19. The neural processing device according to claim 11, wherein, The one or more processors are further configured to generate the accumulated integral map based on the first output feature map of the first layer read from memory. The memory stores the generated cumulative integral graph, and The one or more processors are further configured to: when the pre-output feature map of the second layer is obtained, to obtain the second output feature map of the second layer by reading the generated cumulative integral map from the memory and performing an offset to remove the weight kernel.

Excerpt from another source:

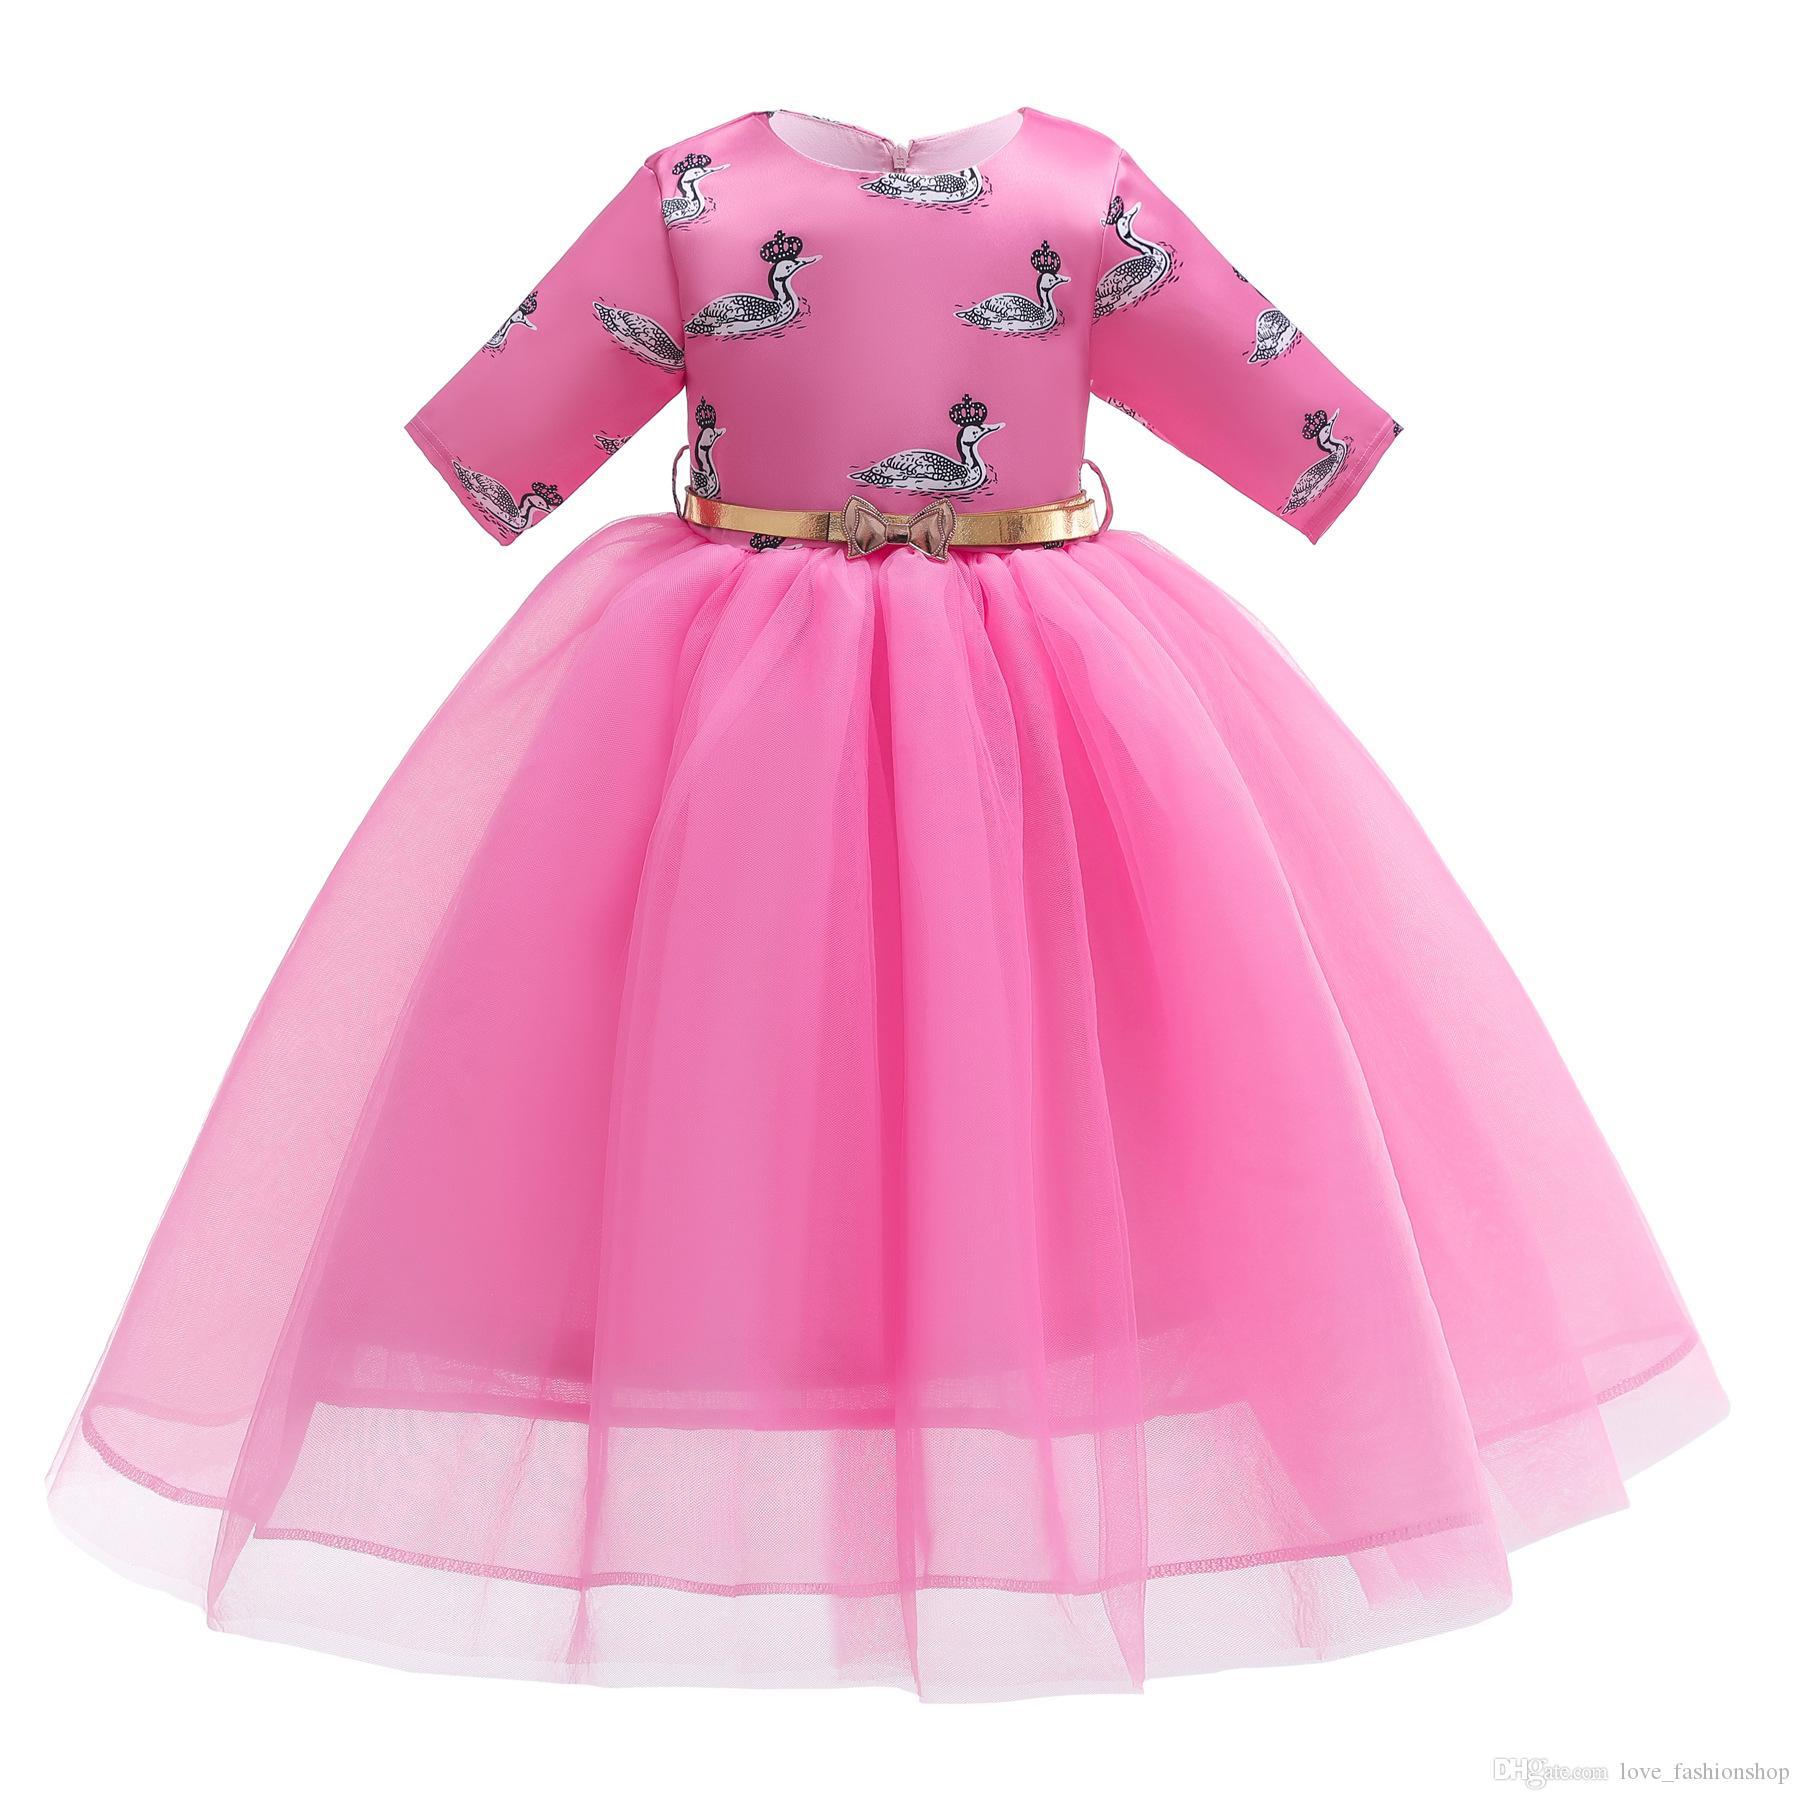 Venta al por menor de los niños vestido de diseñador niñas cisne musulmán impreso malla princesa vestido de fiesta de los niños de la boda formal vestidos de baile boutique de ropa
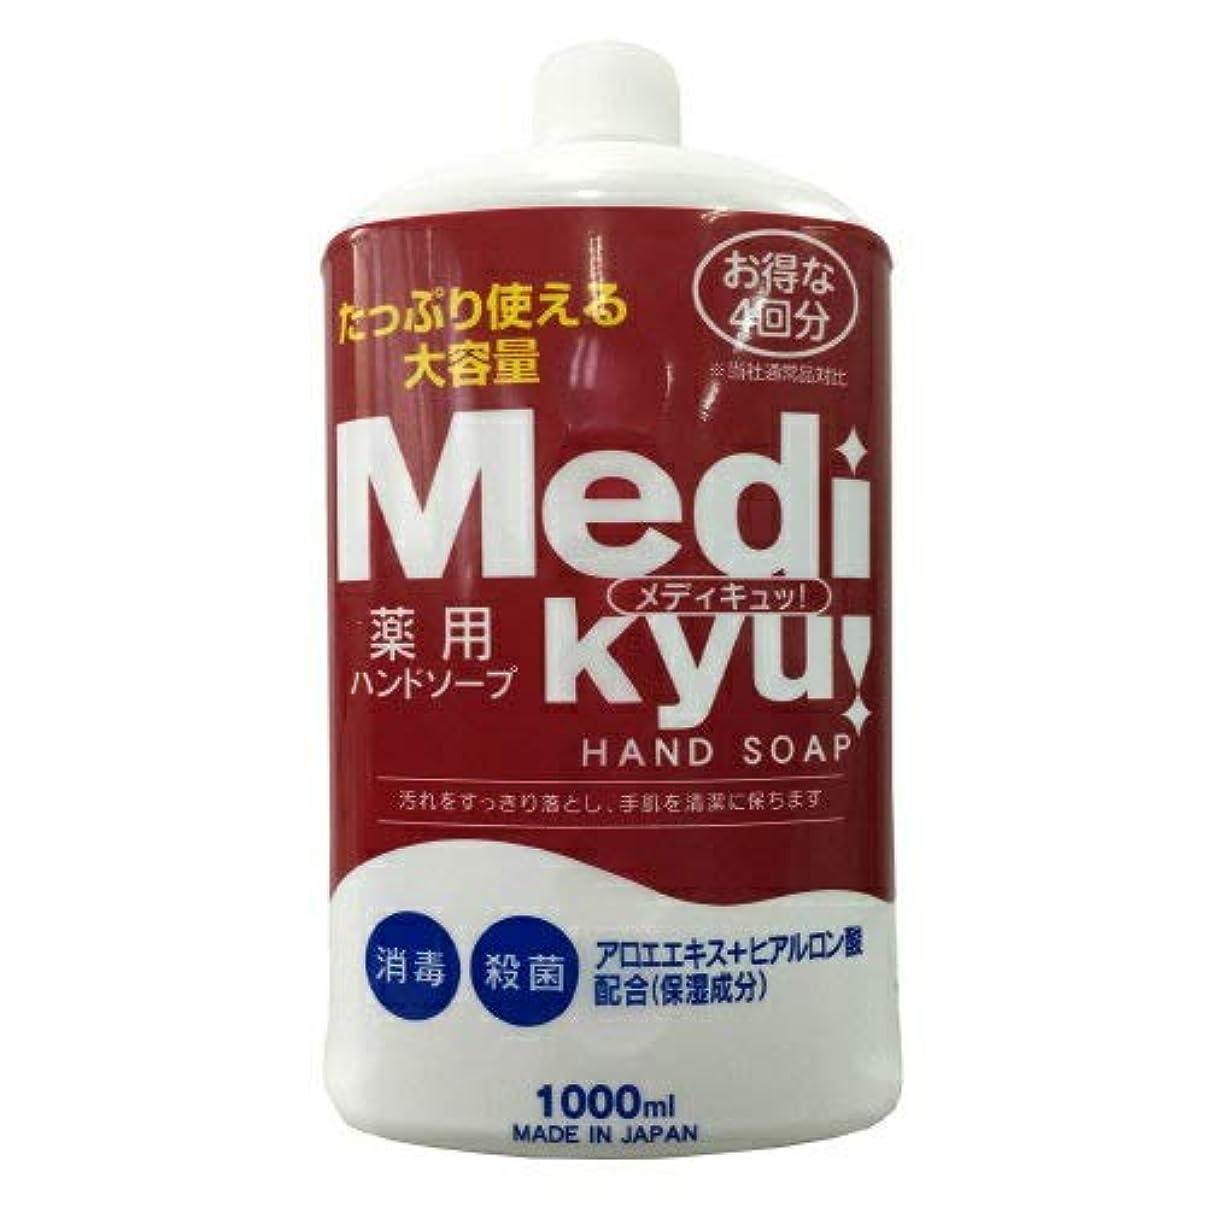 流産父方の正当化するロケット石鹸 メディキュッ! 薬用ハンドソープ 大型ボトル 詰替用 1000ml

20. A neural processing device, comprising: One or more processors are configured as follows: An accumulated integral map is obtained for multiple channels in the first layer of a neural network, wherein the accumulated integral map is generated by performing an accumulation operation on the integral map generated for each of the multiple channels in the first layer, and the integral map includes data obtained by: setting the value obtained by summing the pixel values ​​included in the region from the reference pixel of the first output feature map of the first layer to the first output pixel of the first output feature map as the value of the pixel corresponding to the first output pixel in the integral map; Multiple channels of the pre-output feature map of the second layer are obtained by performing convolution operations between multiple channels of the input feature map of the second layer after the first layer in the neural network and the weight kernel, wherein the weight kernel includes weights obtained by asymmetric quantization of the neural network; as well as Multiple channels of the output feature map of the second layer are generated by subtracting the selected accumulated value of the accumulated integral map from the corresponding pixel value of the pre-output feature map for each channel of the output feature map of the second layer.